# Late Report - Atlantic Highlands NJ



## 30ManStan (May 20, 2006)

Went out of AH on 10/9, 10/10 and 10/11 on the Prowler. Sunday night was an all out slaughter of big blues, all you want 10 pounds and up, chumming fresh bunker, you could not keep them off once your bait was down 15-20 feet. Mates barely needed to toss the chum the blood dripping off the back of the boat was all that was need to maintain interest. We came home 2 hours early, 200-300 hundred blues to show for the trip. We caught all of our fish on light tackle - 6 foot medium action Ugly Sticks with 17 pound cord. 
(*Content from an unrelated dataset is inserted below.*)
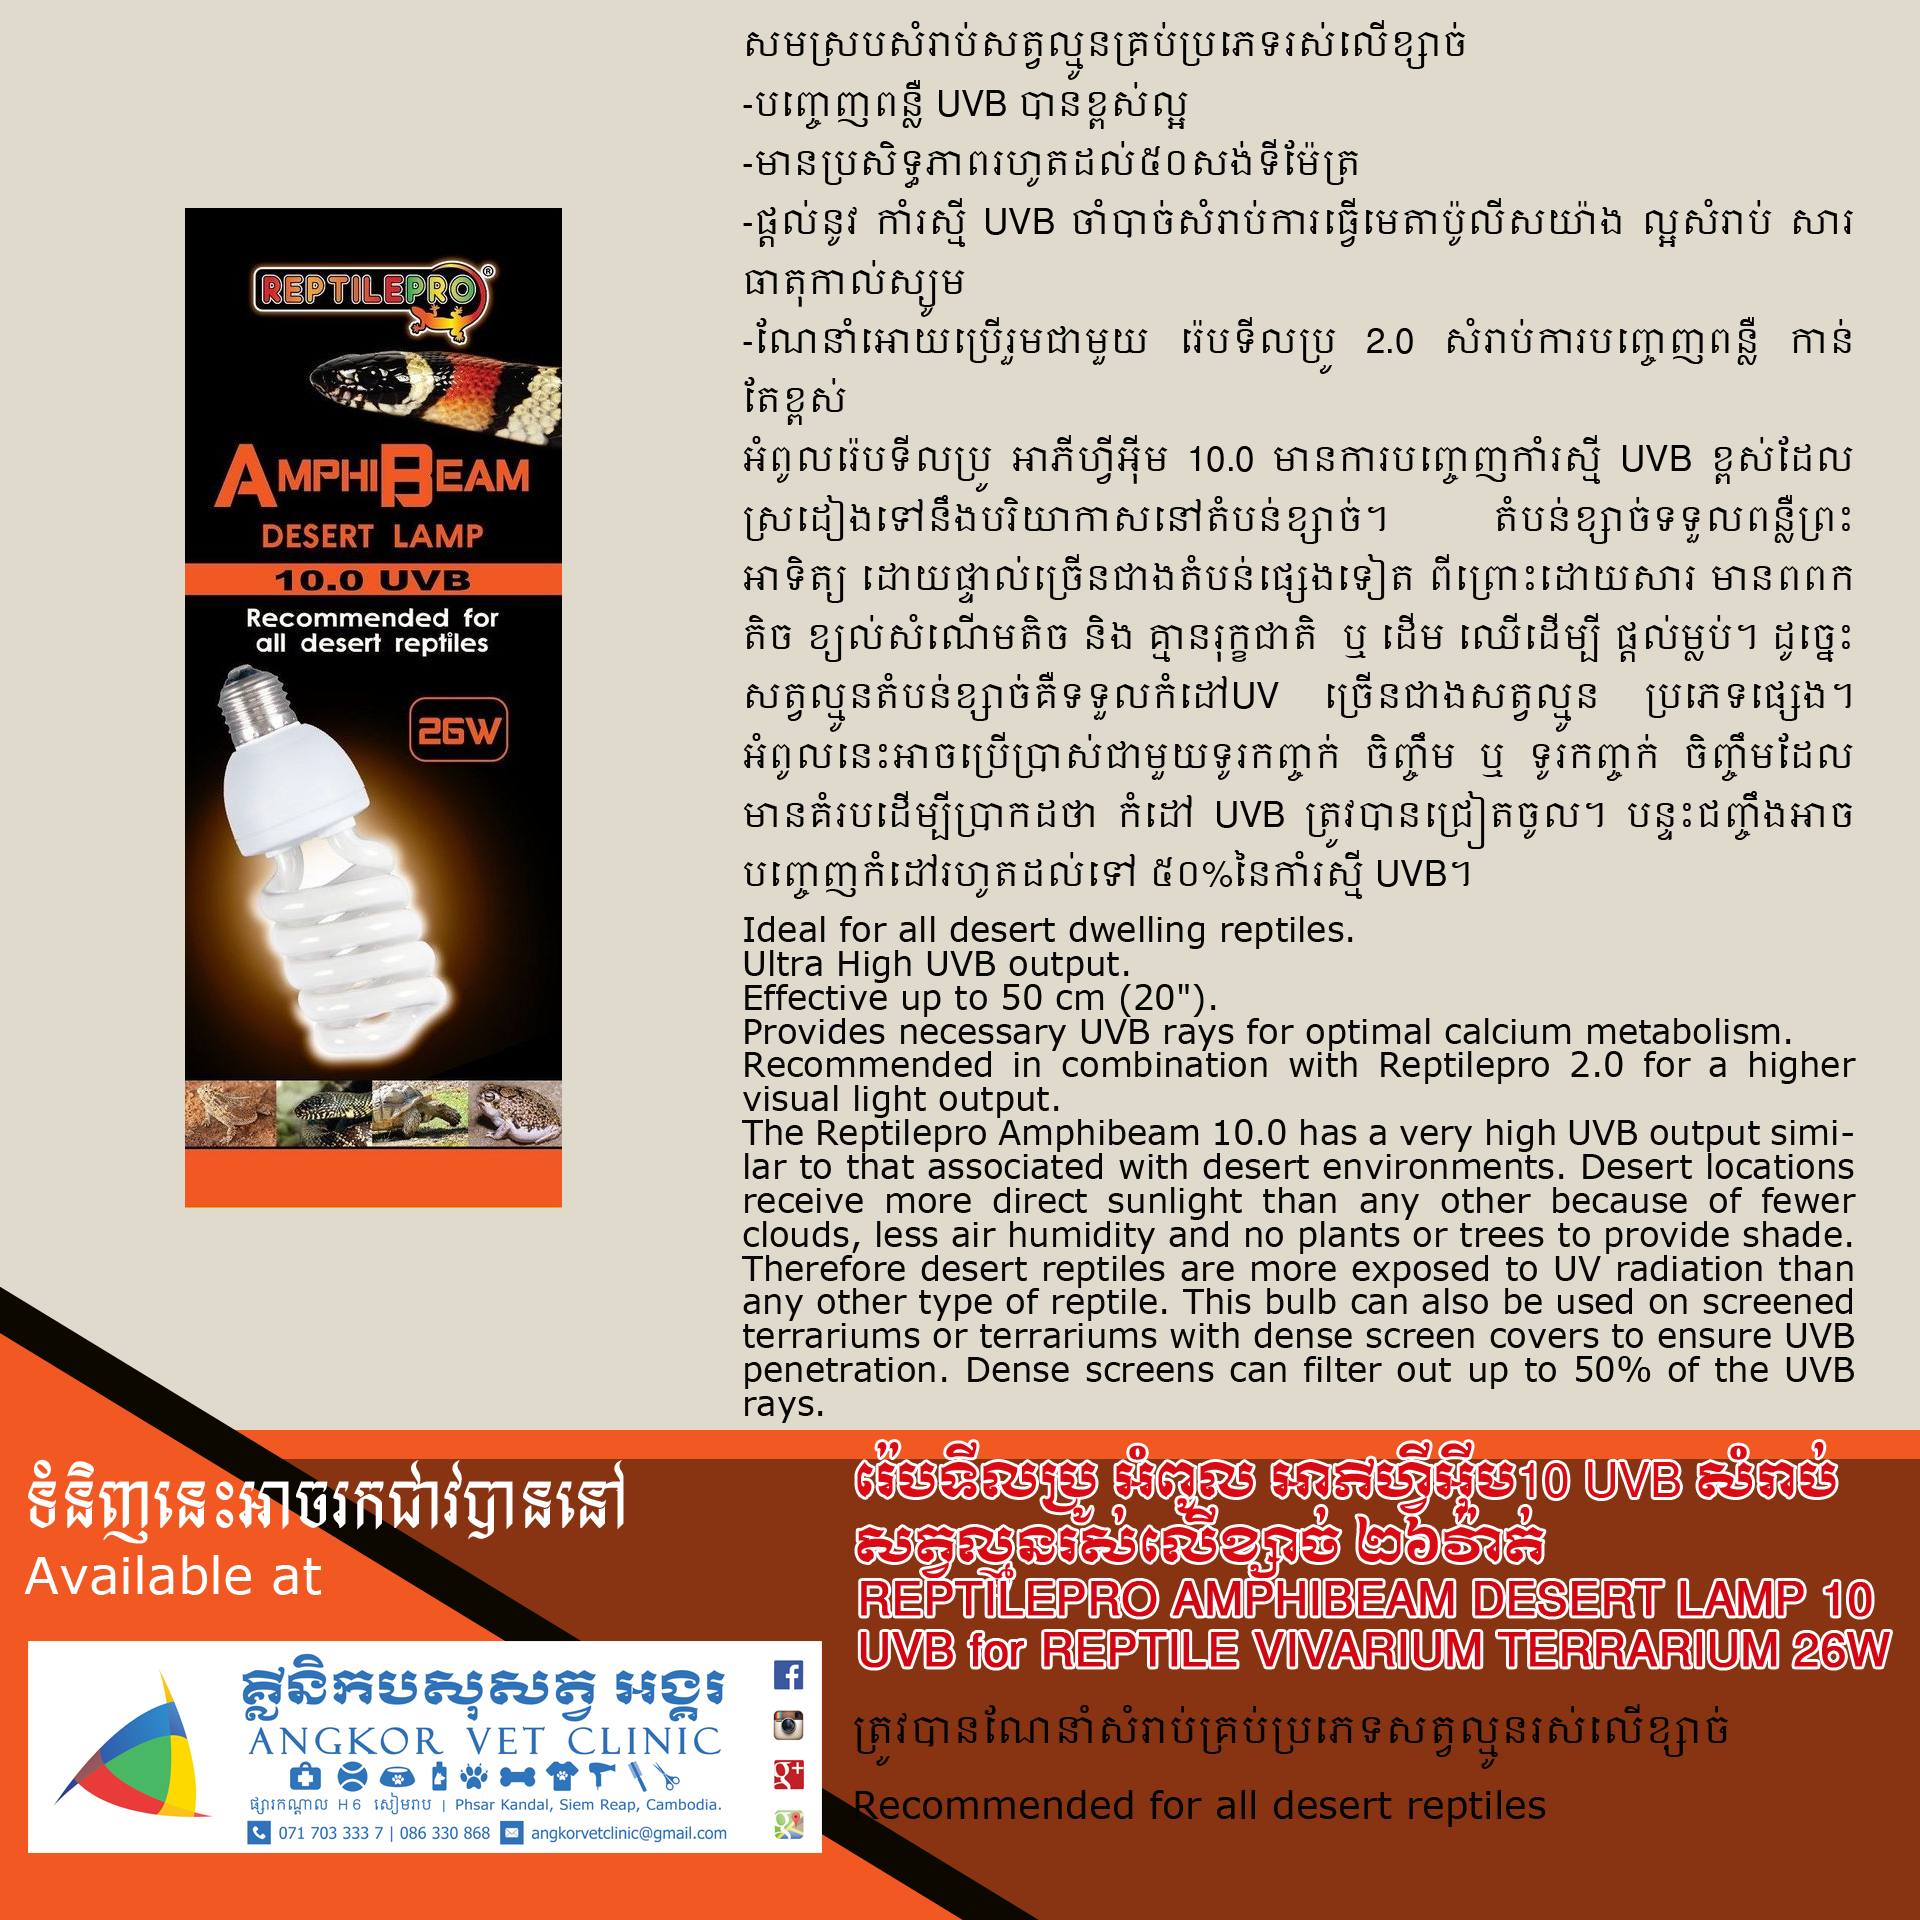 REPTILEPRO AMPHIBEAM SOLAR DESERT LAMP for REPTILE VIVARIUM TERRARIUM 26W

Next two mornings we were off the bottom fish. Me an my Dad bagged about 20 keepers per day, a tog a piece and the rest were tasty porgies. The bite was non-stop, the trick was figuring out when to set the hook. The small fish were on us like stink on poop, I rebaited somewhere around 300 - 500 times on Monday. Mates said 20 people used 7 bushels of bait clams - Wow. Tuesday we did not have that problem, thankfully. Great trip and the weather could not be beat.

Stan


----------



## RuddeDogg (Mar 20, 2004)

Sounds like ya had a great trip Stan. Congrats.


----------